Key considerations for high availability
Companies today are implementing high-availability solutions for many reasons: to minimize planned downtime for maintenance and upgrades, to enable rapid recovery from unplanned downtime, and to meet compliance requirements that ensure continued end-user access to business-critical applications.
Two key questions companies need to consider, when initiating high-availability planning, include: which applications are mission-critical to my business users, and what are the acceptable levels of downtime for these applications?
Recent Symantec studies indicate that approximately one-half of a company’s applications are deemed mission-critical with an average recovery time objective (RTO) of 8 hours or less. Typical mission-critical applications today include a company’s email system, ERP and financial systems, transactional systems, and CRM tools. And the current trend shows more and more applications shifting to a mission-critical status.
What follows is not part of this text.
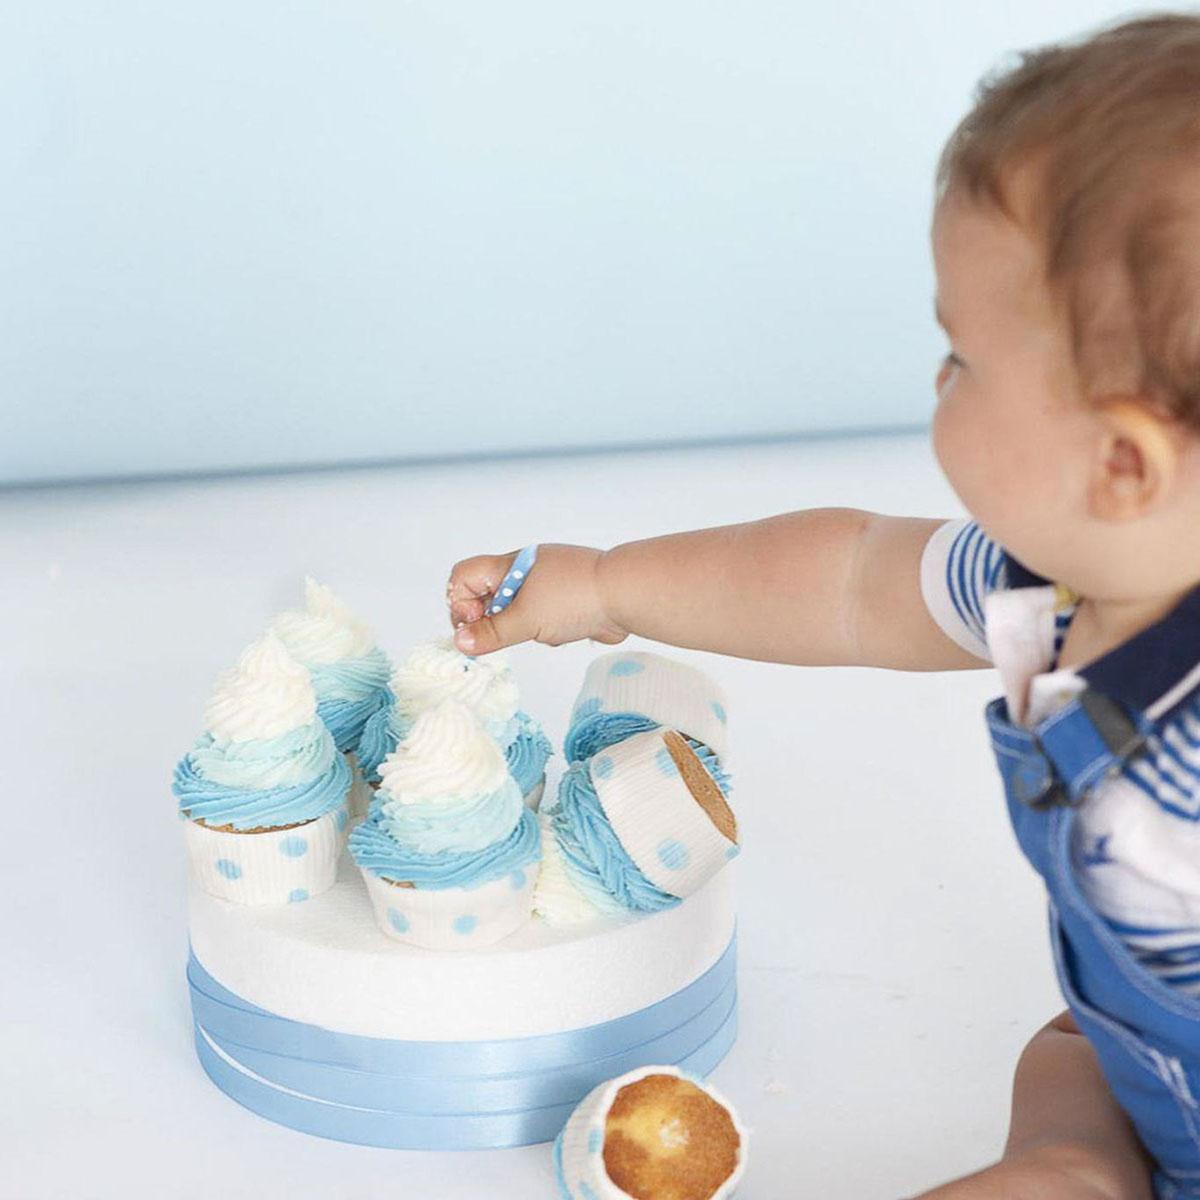 bambino con candela torta
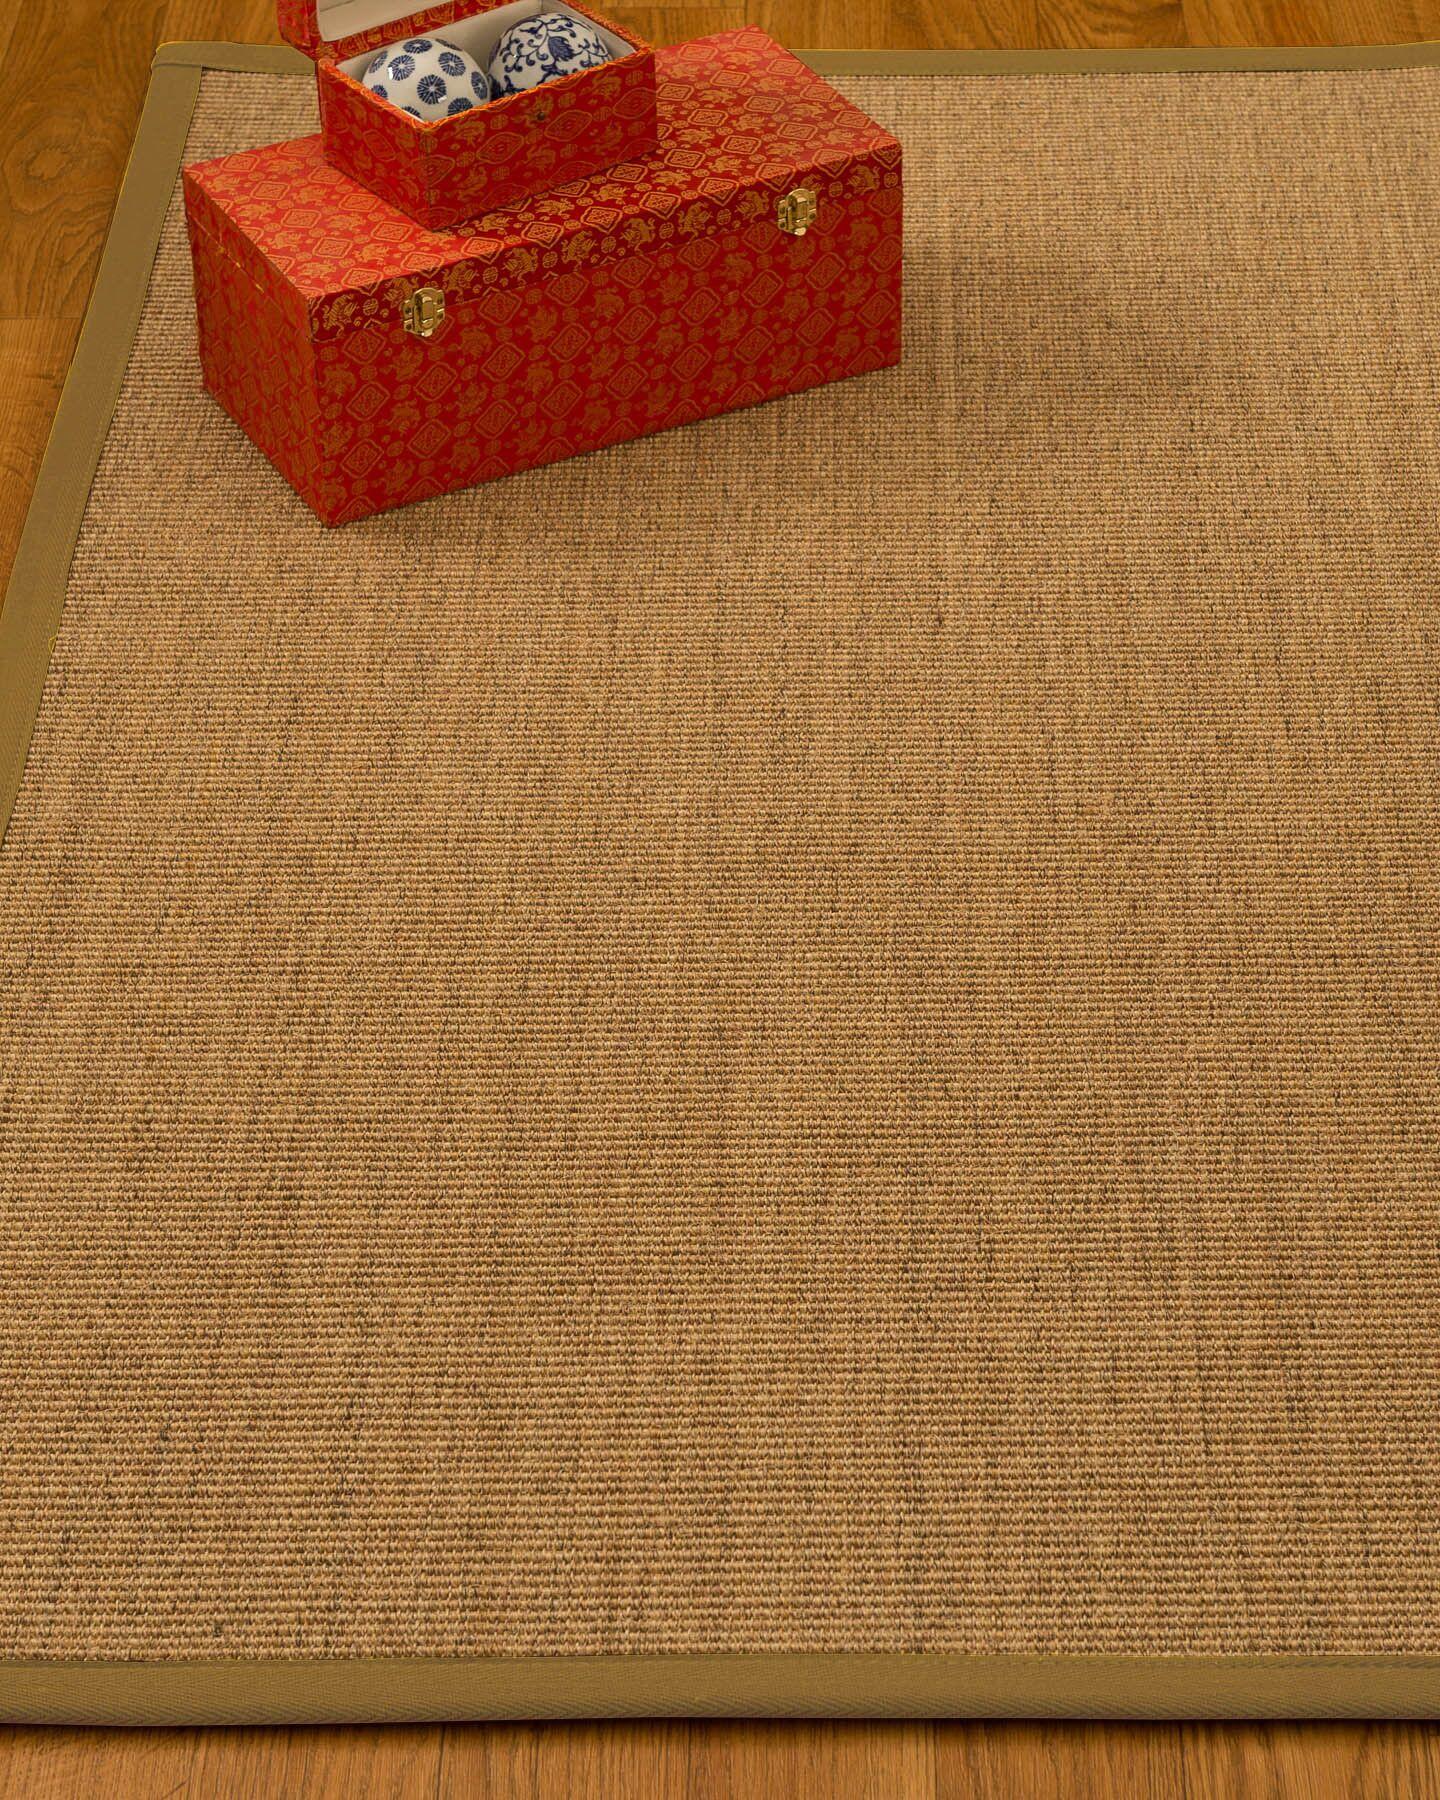 Kimberlin Hand-Woven Beige Area Rug Rug Size: Rectangle 12' x 15'

Traditionally, restarting applications has largely been a manual process, a matter of reinstalling the software from disk. Fortunately, today’s provisioning tools enable critical applications to be back up and running on a more automated basis. A manual rebuild can take a day or so, but provisioning tools can reduce that startup time to 6 to 8 hours.
An even higher level of protection, the “platinum level,” involves moving applications to a clustered environment. This allows IT departments to monitor the health and status of applications and their relevant components (including the associated database, operating system, network, and storage resources) along with the ability to restart those applications on another server (or at another site) when needed. Therefore, if an issue were to occur, software automatically takes care of the process of restarting the application and all of its dependencies, making sure users are redirected to the new server. Typically, RTOs for these kinds of applications are measured in minutes rather than hours.
Downtime and change
When IT departments put together their high-availability plans, they outline possible scenarios that will need to be addressed, such as major hardware failure, a critical application shuts down, a storage or networking component becomes unavailable, or a natural disaster takes down an entire data center.
But according to survey results by Symantec customers, the leading cause of downtime is change, along with human error caused by administrators themselves.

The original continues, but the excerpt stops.